The Effects of High Turnover in Companies
High turnover means your company is losing a relatively high percentage of employees each year compared with the number of people you hire and employ. While losing poor performers may have benefits, effects of high turnover are typically negative. Understanding how turnover affects your business and developing strategies to combat it is a critical part of human resource management.
High turnover is expensive for companies to manage. Losing an employee may bring costs such as severance pay and administrative tasks such as exit interviews. More critically, you have to go through the recruitment, selection and hiring process all over again. Once you find a new employee, you have to train him, which also costs time and money. Plus, you typically have opportunity costs that result because a new employee can't immediately deliver the same sales or production results as the former one.
Morale in high-turnover companies is typically weak. Organizational culture is the shared norms and value of a collection of employees who work together. Motivating your employees to share the vision of your business and perform at high levels is difficult when colleagues and co-workers are vanishing all around them. Workplace relationships are key to an employee's satisfaction with work. As friends and co-workers leave, remaining employees constantly have to cycle through the process of getting to know new employees.
High turnover means the basic level of experience across your organization is lower than it otherwise would be. Employees with less knowledge and less experience in your business and with their jobs won't produce as well as those who know more about what they are doing. In a production job, the efficiency of production is likely lower. In sales and service jobs, sales results and service satisfaction ratings are affected. The major challenge is that high turnover contributes to a downward spiral that is tough to get out of, since poor performance leads to poor business results, which often forces your company to freeze salaries or cut back on training.

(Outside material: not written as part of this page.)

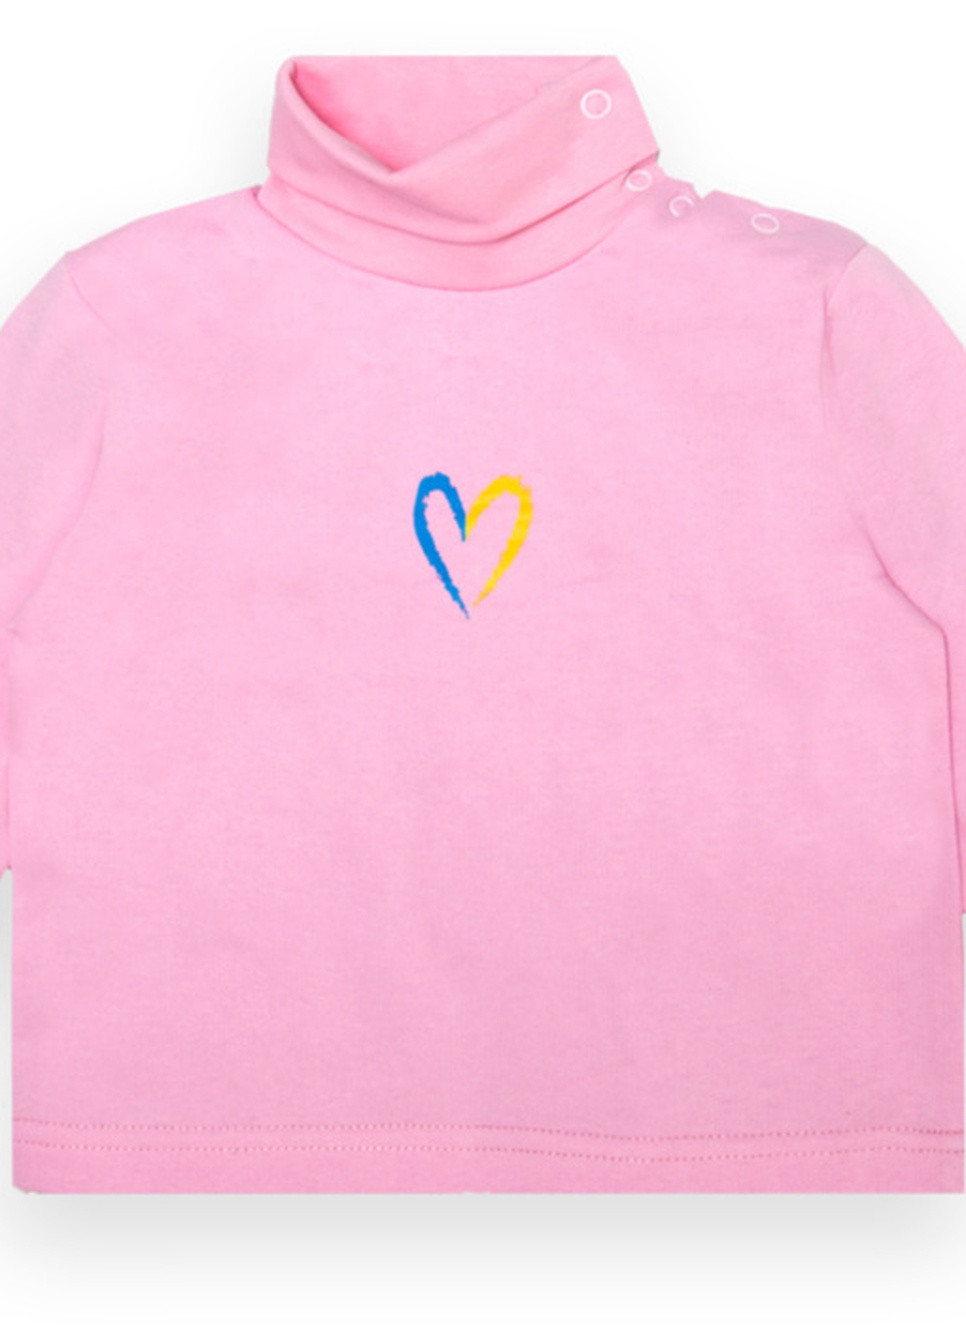 Розовый зимний детский свитер для девочки *сердечко* Габби

Managers quickly get frustrated with the constantly revolving door of employees. In retail, for instance, a manager finds himself spending so much time hiring and training new employees he can't coach and develop those who have been around. This contributes to longer-term employees getting upset and leaving. Plus, poorly equipped and developed employees place more burden on the manager to work hands-on in the business or store. This takes away from his decision-making and supervisory duties.
One of the worst effects of high turnover is that it requires focus to fix. Some businesses hire consultants to help get out of a turnover rut. As you invest time, money and resources to correct high turnover, you take away from diversifying your business, marketing to new customers and improving on performance.